We immediately begin to walk, we are a little bit tight with the time since we have decided to try and jump on the bus back down and spare ourselves another 11 km. So, with a good pace, we start the walk.


Between O’Hara and McArthur Lake, a window among sky and rocks

Once we overcome the last hill, we can glimpse down in the anfitheather a turquoise spot, it nearly seem the Peyto Lake we have seen in Jasper National Park, the one famous all around the world for its colours.

Lake McArthur

A postcard: McArthur Lake sourrounded by mountains and glaciers

Getting closer, it is hard to believe the colour of this lake really is the one we are seeing, it is so unbelievable it could be painted. Lake O’Hara? McArthur Lake is way, way better.

Lake McArthur

Happiness at McArthur Lake, it’s unreal

We spend some minutes here, watching the amazing waters of the lake, still having a hard time believing the colour of that is not some joke of our minds.

Then, screams and shouts coming from the shore distract us and we see a group of british senior having a dive in this frozen turquoise waters, naked and careless of our presence. They sure are some pretty tough men and one after another they have their jump. We think about it for just one second, but we are too good in our warm clothes.

A snack, bananas and chocolate, and we hit the trail again.

Lake McArthur

The unbelievable turquoise of the McArthur Lake, breathtaking

Right on time to catch the bus, we are back again at Lake O’Hara, walking by the Alpine Club of Canada, the Elisabeth Parker Hut, three little huts in a meadow, some kind of the Paradise on Earth.

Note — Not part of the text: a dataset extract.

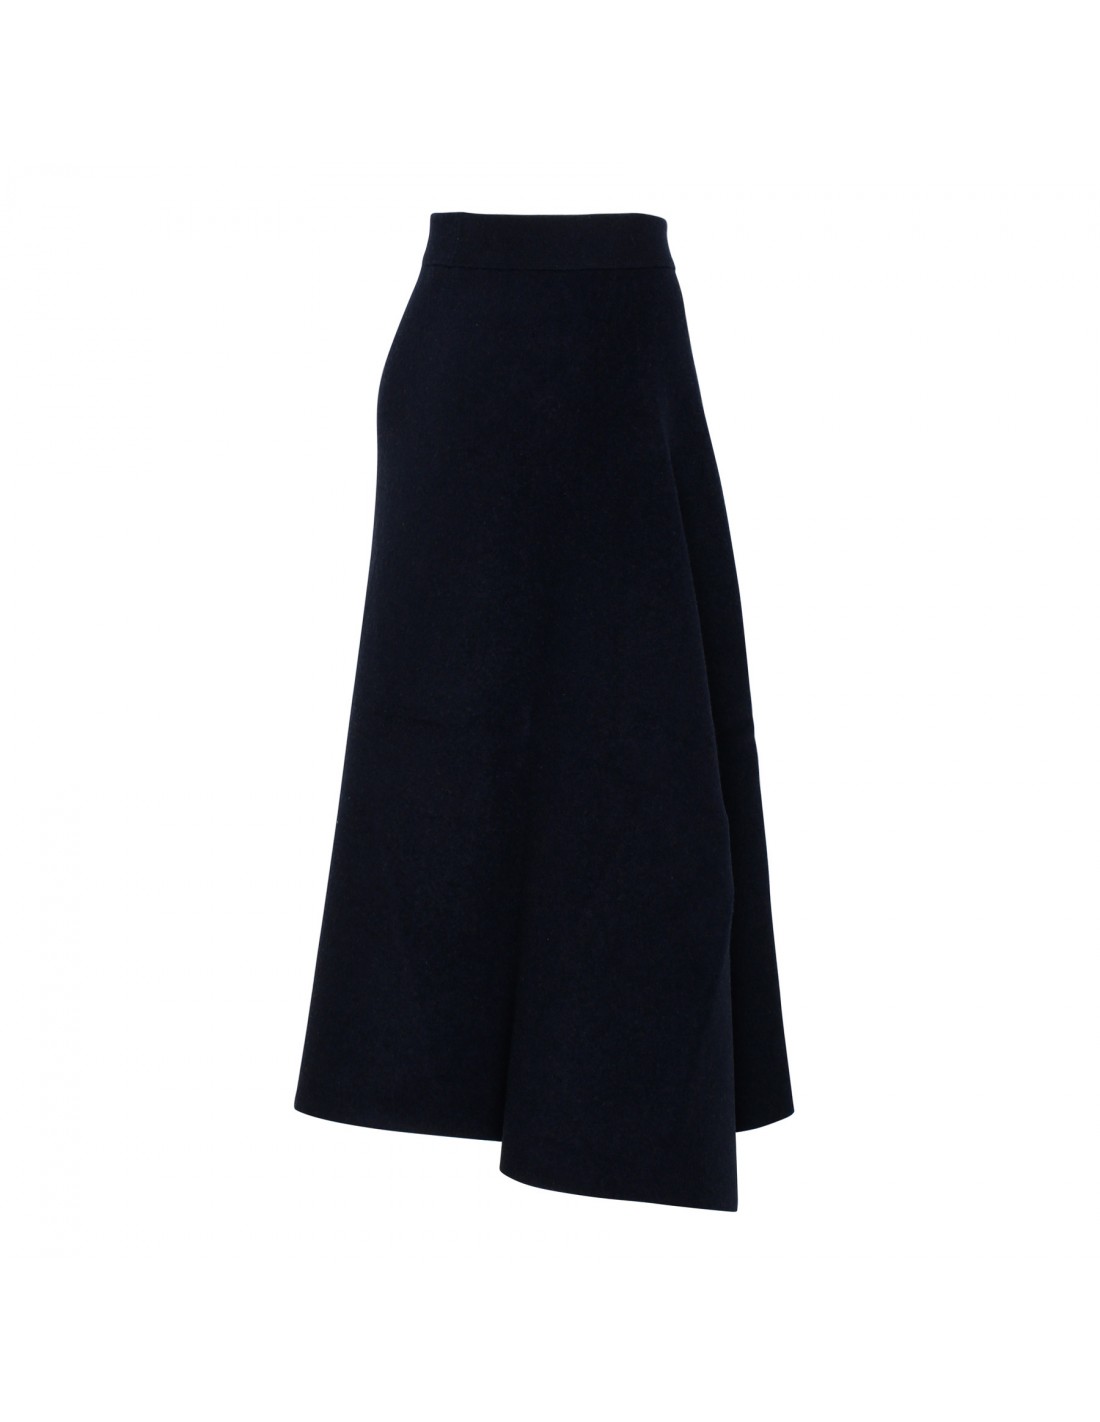 Blue knit virgin wool skirt

Elisabeth Parker Hut, the little paradise of the CAA

In time for the bus, we still have time to enjoy Lake O’Hara for a little while more, it is not that bad in the end. Then, it’s time to get in line.

lake o'hara

A last goodbye to Lake O’Hara

We really do catch the bus – the last available spots – and we end up on the luggage compartment, seated between bags and backpacks, but better this then walking all the way back, even because our day is still not done.

Some weeks ago, indeed, we went visiting the Moraine Lake and we found it so crowded. So we have resolved to come back again, in the evening maybe, just to have a little spot all for ourselves.

And since the lake is on our way back, why not to go!

Lake Moraine

The Moraine Lake, how to end in the best way possible an already amazing day

We walk along the shore up to the end of the lake, where a river flows in this marvellous waters and there, we have a good dinner with some soup and some baby carrots, then we relax and enjoy the first lights of the sunset from the little hill at the beginning of the lake.

Lake Moraine

A wonderful, still, glass-like pool of water, it’s the Moraine Lake

Our day is almost done, we have seen more lakes today than in the last whole week. We have no rush to come back, so we decide to drive on the Bow Valley Parkway, to enjoy a little more this lovely nature.

The perfect choice I would say: just minutes after entering it, we stop and stare to a big, fierce deer, with a huge pair of antlers, half moulted and slightly bloodish. It’s a little bit grim, unusual for sure, but still beautiful. It’s nature afterall.


Our first deer, big and with a nice huge pair of antlers

We are pretty much satisfied by the day by now. It has been a super full day, marked by the discoveries and the natural beauties, we are enjoying our drive back at night when, just a pair of kilometers from home, we get aware of some dim Northern Lights!!!

Yep, it’s really dim, coming and going every now and then, but here it is, and finally another dream comes true.

We can definetly go to sleep happy and satisfied, so so happy.